- Born: 1952/1953 Vietnam
- Died: August 16, 1991 (aged 38) Toronto, Ontario, Canada
- Cause of death: Gunshot wound (homicide)

= Asau Tran =

Asau "Johnny" Tran (1952/1953 – August 16, 1991) was the former ring-leader of a large Vietnamese mob in Toronto during the 1980s, until his death in 1991.

==Background==
Tran had immigrated to Canada in the early 1980s as a refugee from the Vietnam War, where he moved into the United States and settled in Los Angeles, only to be deported back to Canada. Under Canadian immigration law, Tran was not allowed to be sent back to Vietnam, where he could have faced the death penalty.

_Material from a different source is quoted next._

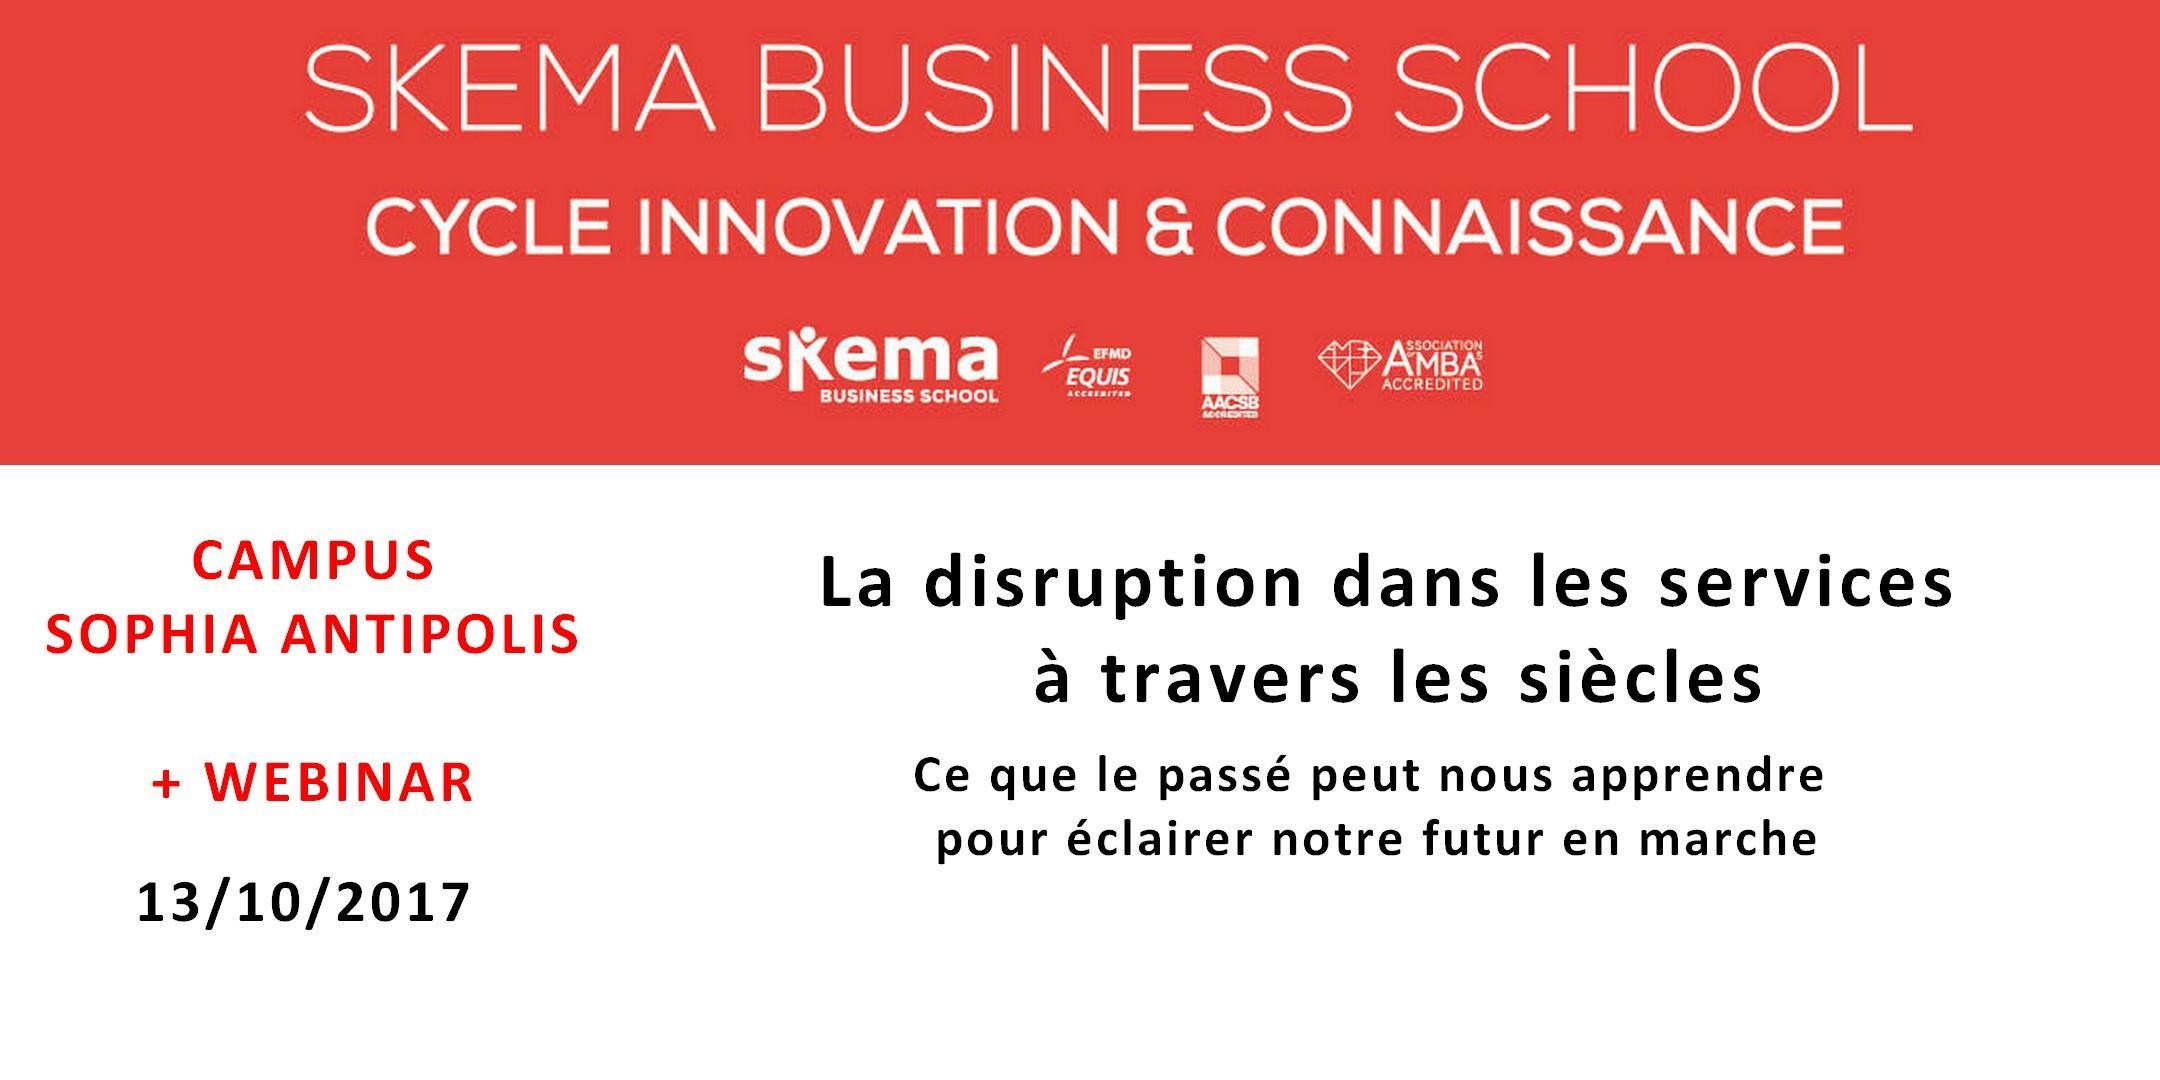 La disruption dans les services à travers les siècles. Cycle Innovation & Connaissance SKEMA. 13/10/17 (8h30-10h, Sophia Antipolis)
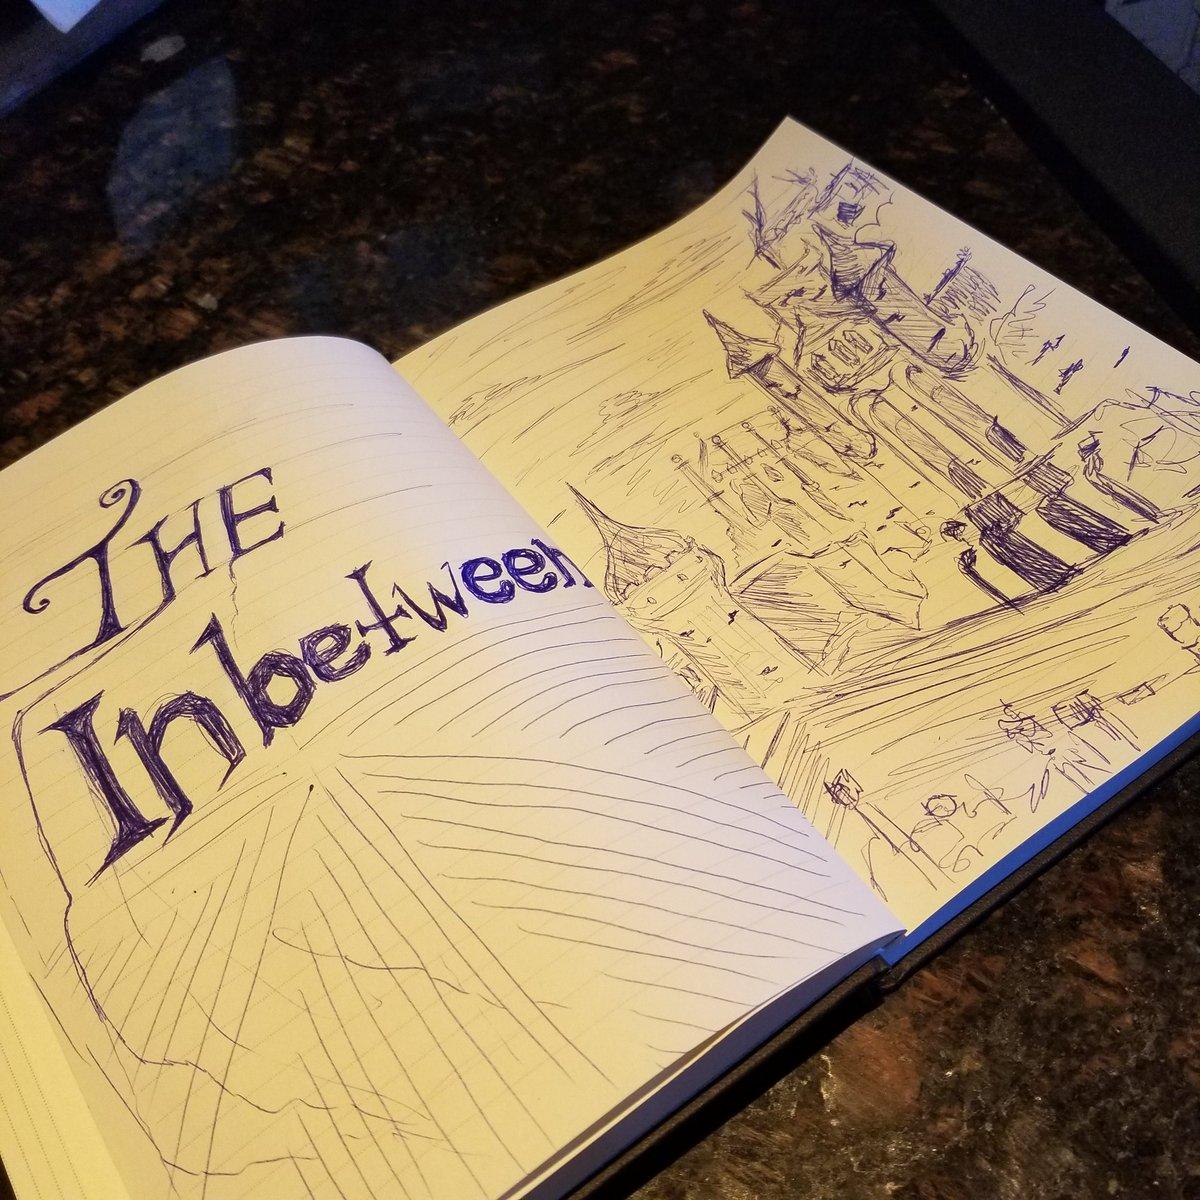 A sneak peek into the book idea  #talesofthesmp

In Toronto, Tran was known to have had established a gang of more than one hundred people through active recruitment and the assimilation of members from existing gangs, where he was known for running protection rackets, extorting from Chinese entertainers in Toronto and for running a juvenile prostitution ring. In 1986, Tran and twenty-seven other gang members were hit with a total of eighty-eight charges by the Asian Crime Squad in Toronto.

==Death==
In 1991, Tran was shot more than thirty times in his face and knees in downtown Toronto on Dundas Street alongside his girlfriend outside a restaurant. Police believe that his murder was a result of unpaid gaming debts. One week prior to his death, during a television interview with reporter Isabel Bassett, Tran stated that he predicted he would be shot, since Vietnamese gang leaders rarely reach the age of forty. He was quoted having said, "These guys – one of these groups may not let me stay alive."